Sel sehat ini kemudian bisa berkembang menjadi sumsum tulang dan sel darah baru yang dibutuhkan tubuh.

Transplantasi sel punca sumsum tulang dapat dilakukan pada pasien dengan leukemia ALL dan AML pada fase postemisi. Sedangkan untuk penderita CML leukemia, pengobatan ini jarang diberikan.

6. Pengobatan lainnya

Terlepas dari jenis perawatan umum di atas, perawatan medis lainnya dimungkinkan untuk pasien leukemia. Salah satunya yang sering dilakukan yaitu operasi pengangkatan limpa.
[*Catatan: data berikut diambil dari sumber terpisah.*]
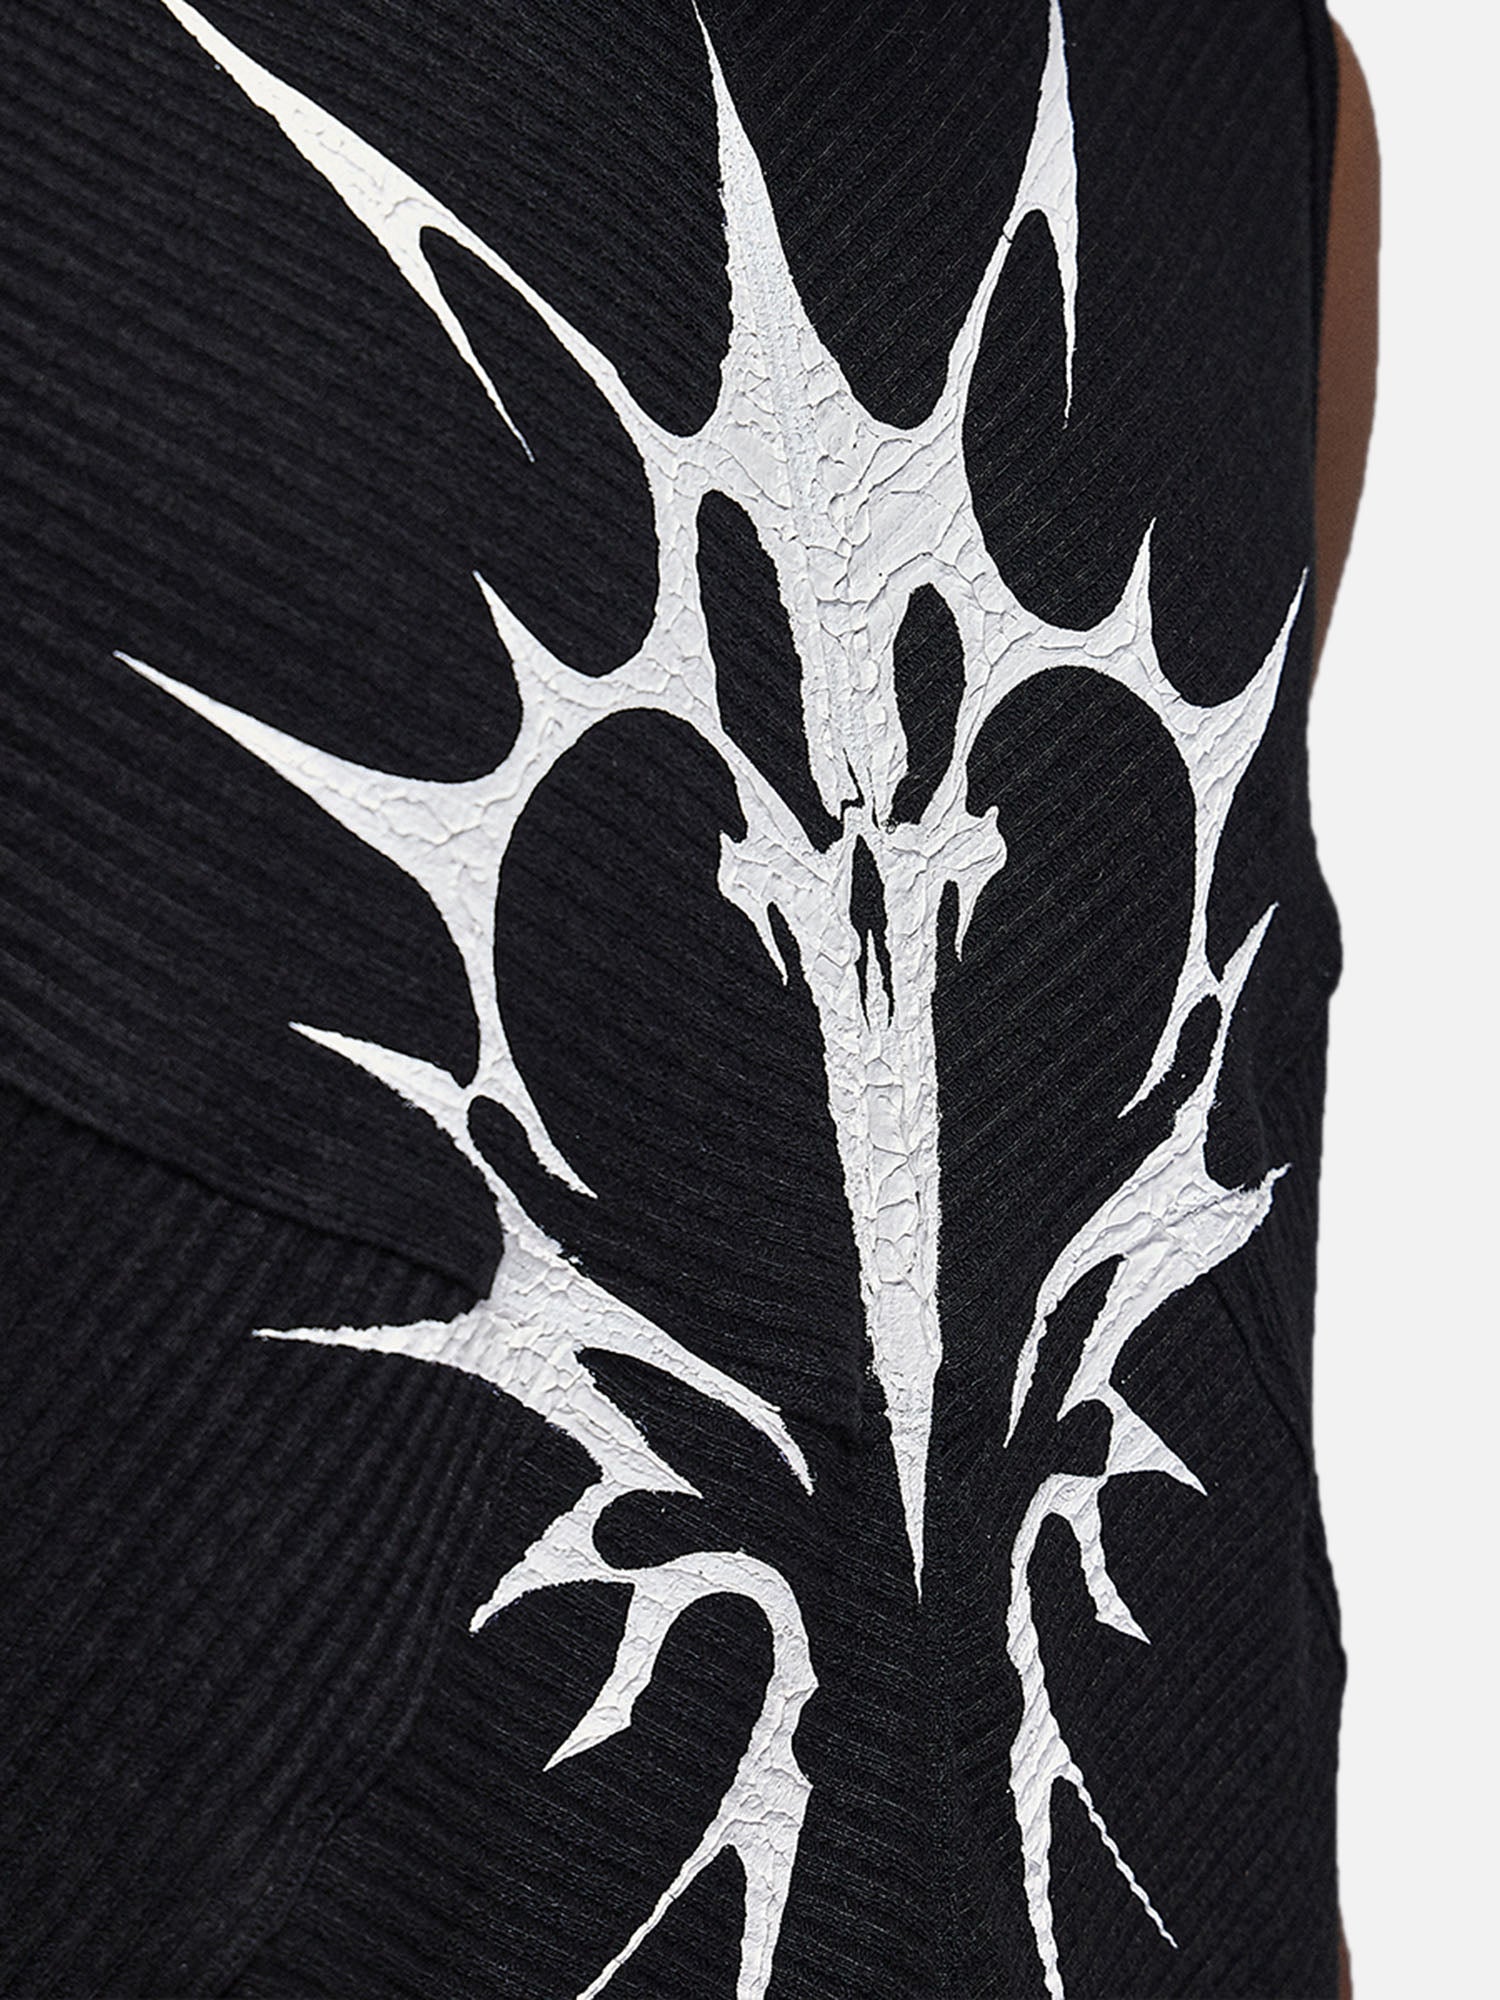 American Street Hip-hop Tight-fitting Stretch Black Printed Pit Vest

Ini umumnya dilakukan ketika limpa membesar karena sel kanker leukemia dan menyebabkan rasa sakit, dan kemoterapi atau radioterapi tidak dapat mengecilkannya. Namun, tidak semua pasien akan menjalani ini. Selalu konsultasikan dengan dokter Anda untuk jenis perawatan yang tepat untuk Anda.

Postingan Aneka Jenis Obat dan Obat untuk Mengatasi Leukemia muncul pertama kali di Hello Sehat.